The UK Labour party has backed plans to introduce safe standing at football grounds in the top two divisions of the English game.

Earlier this week it was revealed that the UK government had begun talks over safe standing and the issue is set to be debated in parliament on June 25. Labour has now joined the calls for the plans to be explored.

Safe standing has been outlawed in the top two divisions of English football since the 1989 Hillsborough disaster, which claimed the lives of 96 Liverpool fans.

The BBC reported that Dr Rosena Allin-Khan, the UK’s Shadow Sports Minister, will today (Friday) call for clubs, fans and safety authorities to be involved in any decision-making process.

In comments set to be delivered today, Allin-Khan said: “It’s time for change. Labour’s decision is the result of in-depth consultation with football clubs, fans and safety authorities.

“It’s time to back safe standing.

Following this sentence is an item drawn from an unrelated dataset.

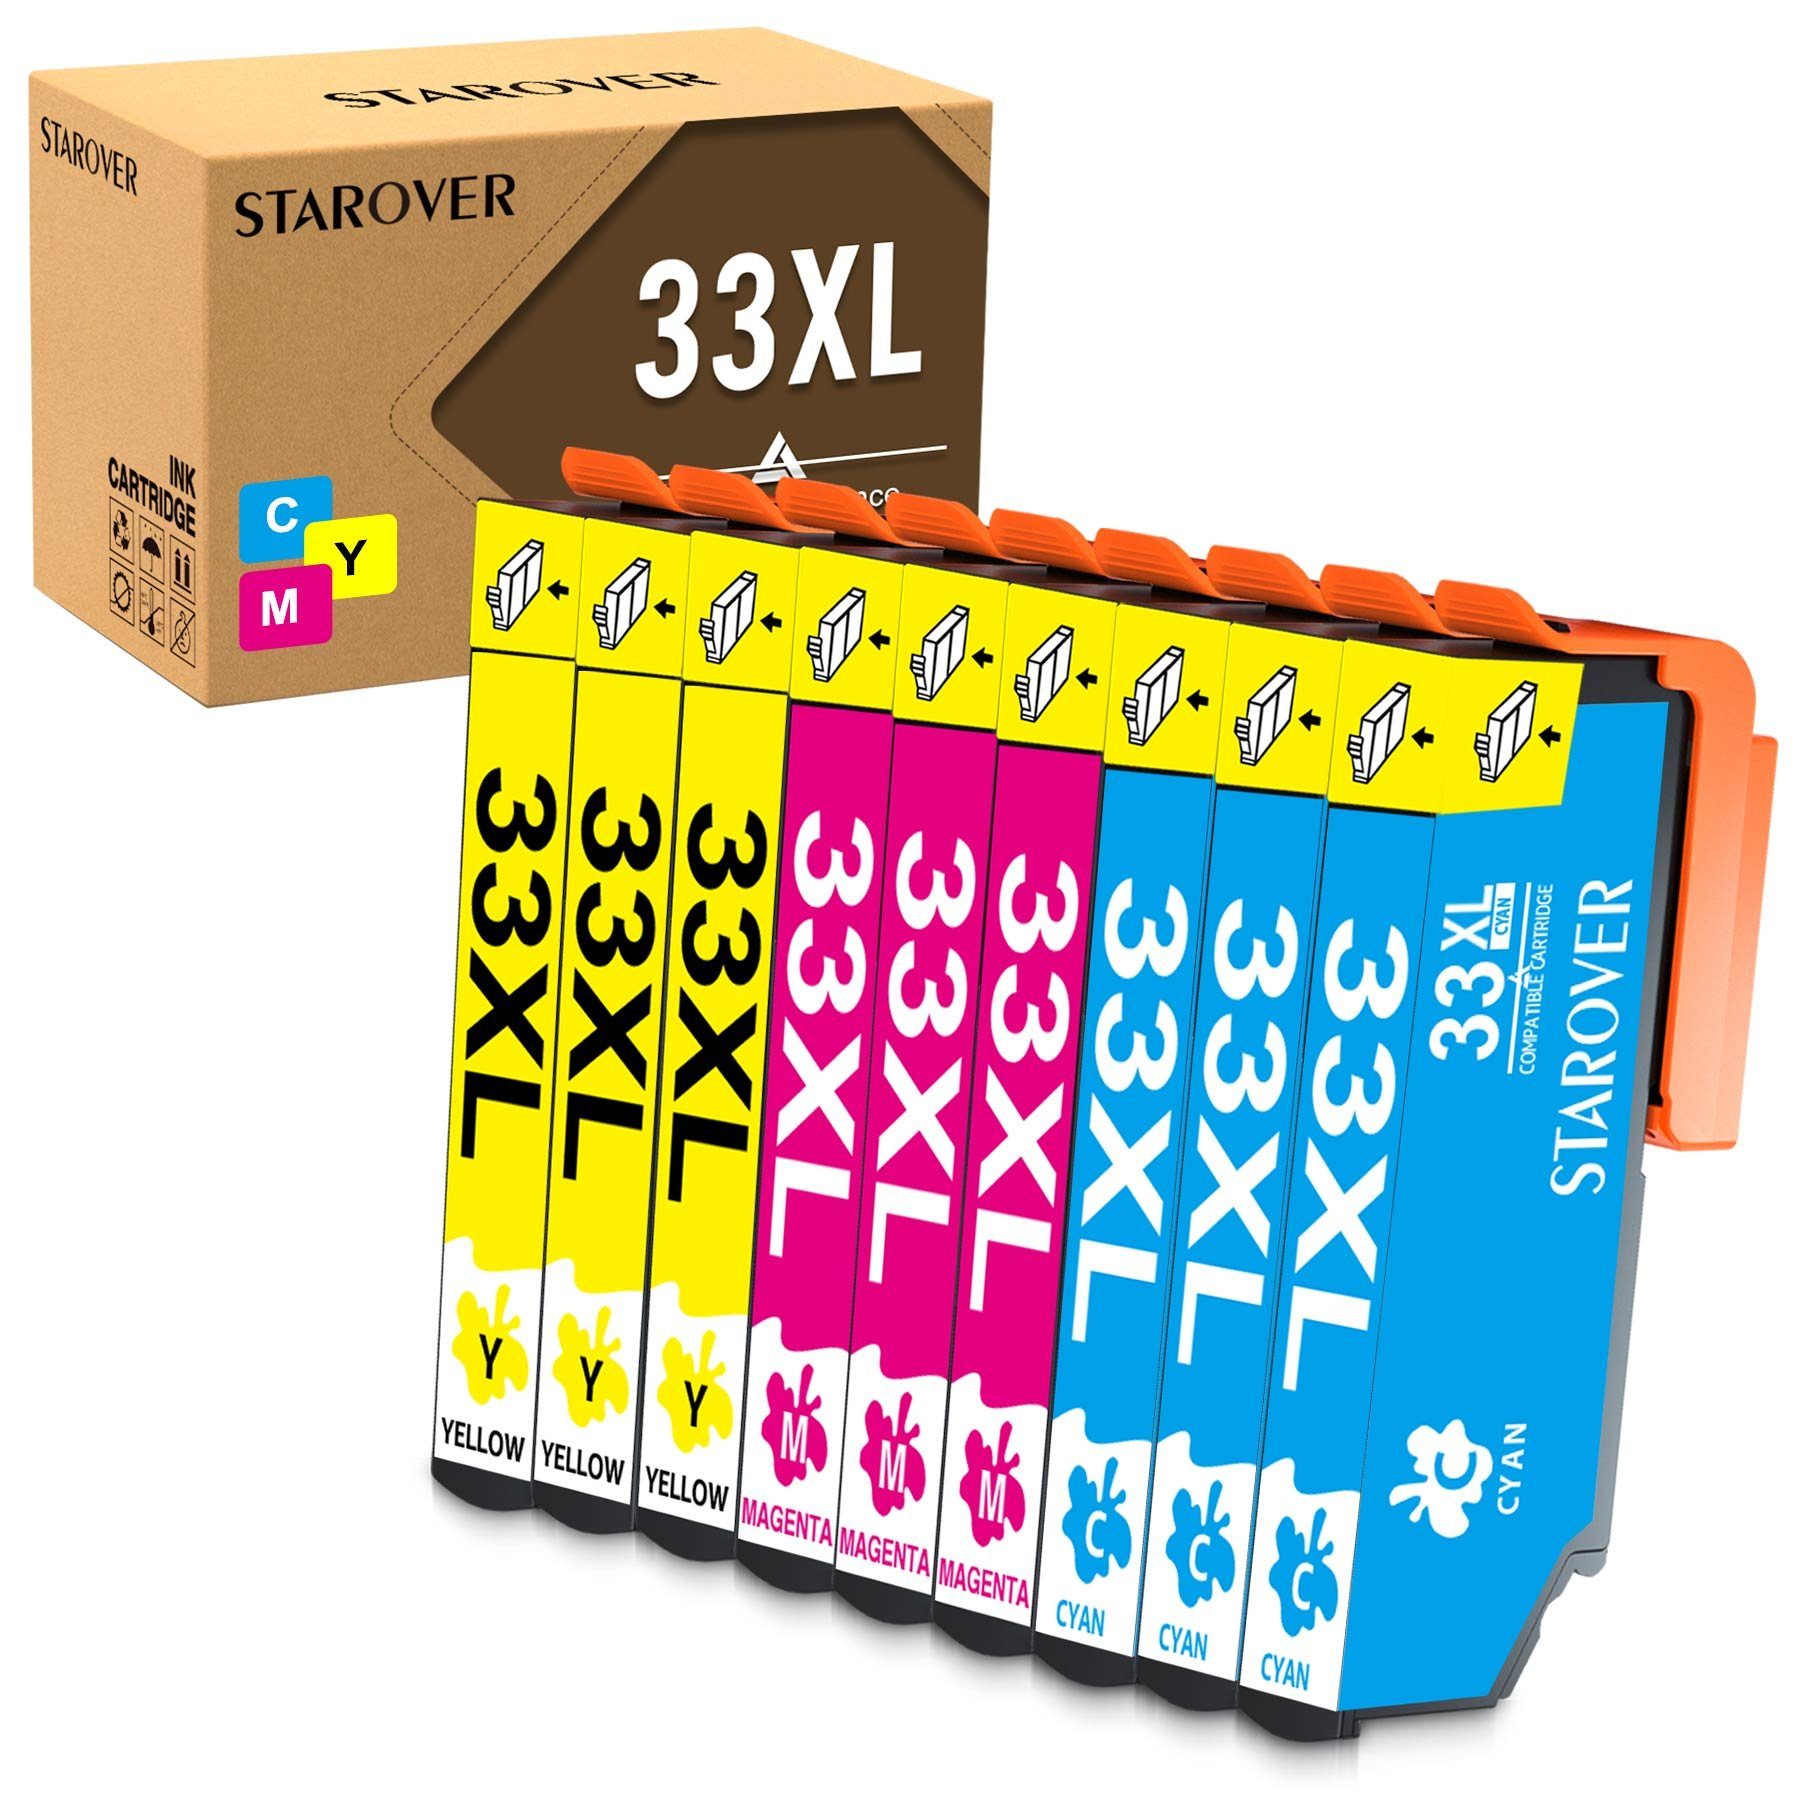 ONLYU Multipack für EPSON 33 XL Cyan,Magenta,Gelb Tintenpatrone (Expression Premium XP-530 XP-540 XP-630 XP-635 XP-640, XP-645 XP-7100 XP-830 XP-900 Serie Drucker) 3Cyan,3Magenta,3Gelb

We want to give the power to fans, clubs and local safety authorities, to allow for a small area inside a stadium to be designated for safe standing.

“Clubs, fans and local authorities know their stadium far better than anybody in Whitehall – the decision should rest with them.”

The issue will be debated in parliament later this month after more than 100,000 fans signed a petition calling for Premier League and Championship clubs to introduce safe standing.

Allin-Khan added: “This is about safety. The current system isn’t working, people are standing in unsafe seated areas, and accidents can happen.

“We would allow the installation of specialised rail seating where appropriate, or standing in current seated areas where it can be made safe to do so. The data and extent of the surveys provided by the EFL and fans’ groups clearly shows that fans want safe-standing introduced.”

Third-tier League One team Shrewsbury Town recently installed a safe standing section at its New Meadow stadium, while Scottish Premiership club Celtic has a similar zone at Celtic Park. The all-seater restrictions do not apply to clubs outside of England’s top two divisions.